Step 7: Enhance the Work Life of Caregivers
EI provides value to your providers, including the ability to access multidisciplinary imaging in a single “click” and workflow enhancements such as supporting encounter-based imaging without requiring orders [5].
Imaging acquired outside radiology and cardiology departments is often performed by clinical care providers whose primary role is not imaging, such as medical assistants, nurses, and even the physician. Greater emphasis on intuitive workflows is ultimately important within these specialties [6]. Attempting to implement traditional order-based imaging workflows or tying imaging modalities used in these areas to desktop dependence, frequently, results in provider frustration and non-compliance.
When capturing photos, scope video waveforms and other clinical multimedia within visit or procedure-based specialties such as dermatology, otolaryngology, or surgery, it is not intuitive for providers to pause patient assessment and care to place an order solely for proper compliance with a workflow.
Manual workflow steps resulting from poor interoperability, such as connecting a camera to PC to download images, introduce workflow gaps usually addressed once the provider has time to complete.

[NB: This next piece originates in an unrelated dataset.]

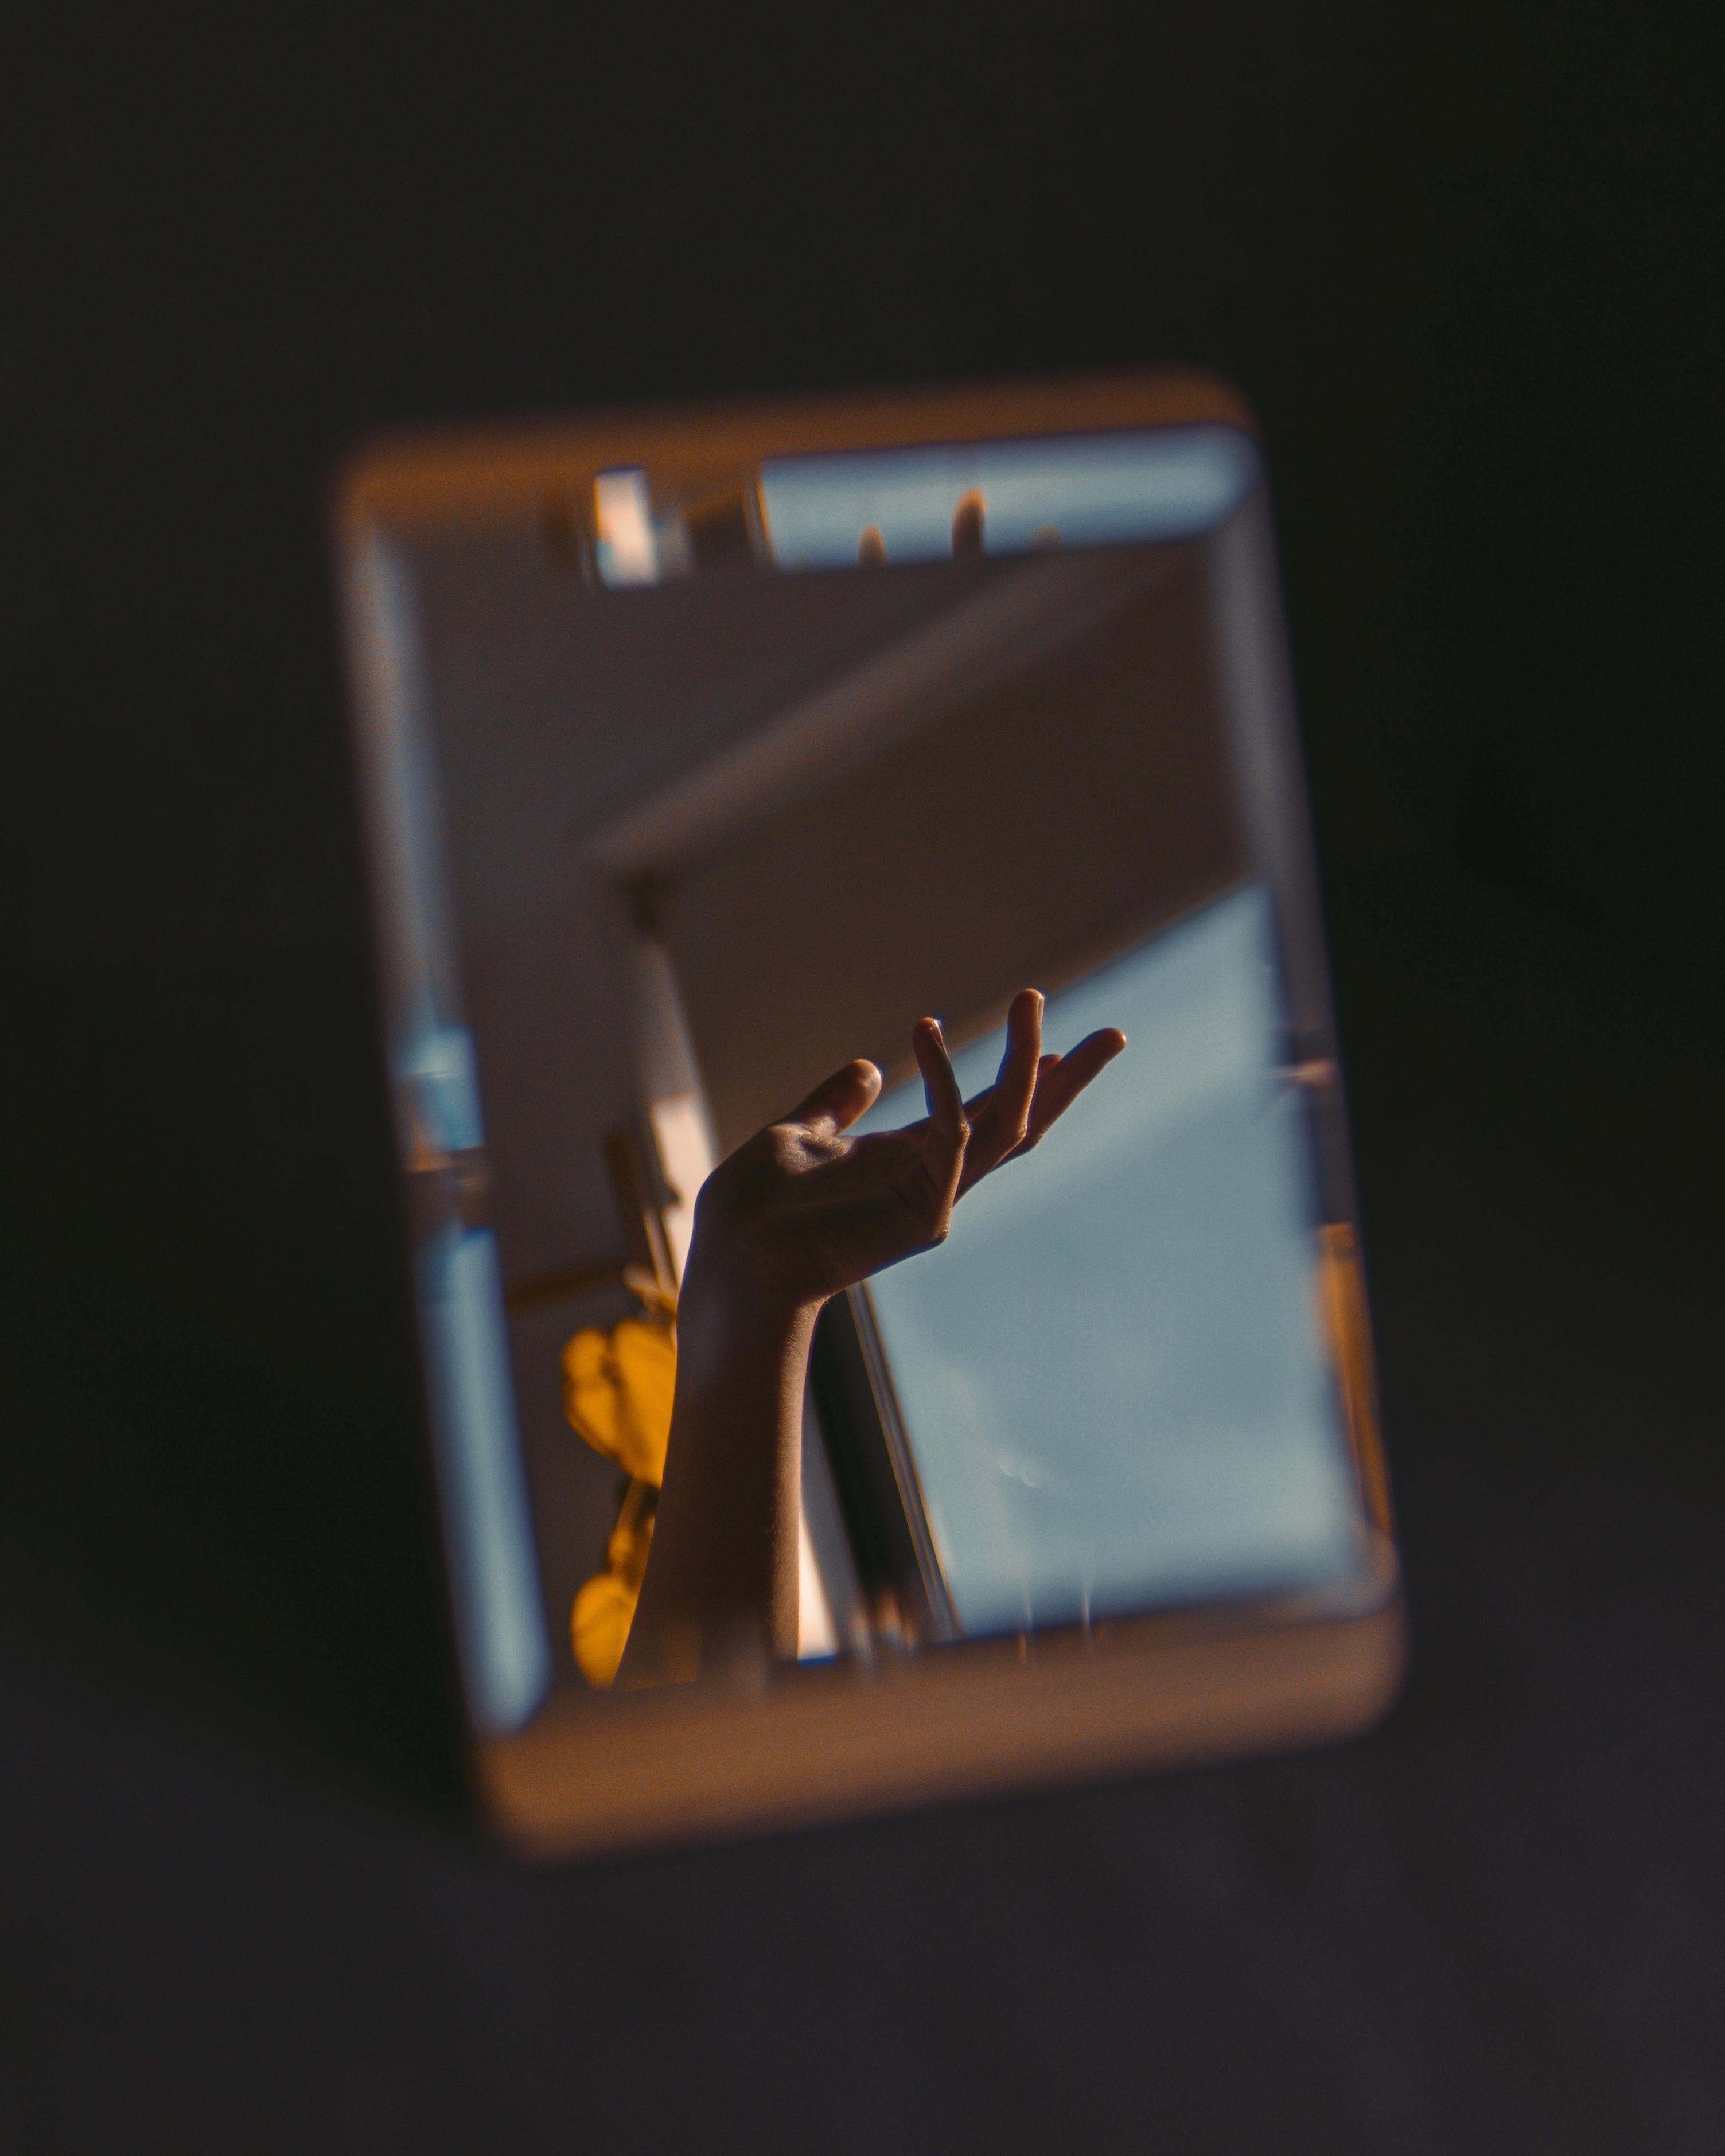 pexels-janiere-fernandez-4728126

This workflow can be wrought with errors and non-compliance, only sporadically completed.
Accessing images, previously acquired using non-intuitive and gap prone workflows, can further increase provider frustration and reduce efficiencies. Searching through a network directory of stored photos for a photo taken on a patient 6 months ago, to determine if a skin lesion has grown, requires time and additionally creates data security concerns. Equally inefficient and frustrating is searching through an image, or external media, archive with limited or no information labels to indicate what the clinical media is, or when it was performed.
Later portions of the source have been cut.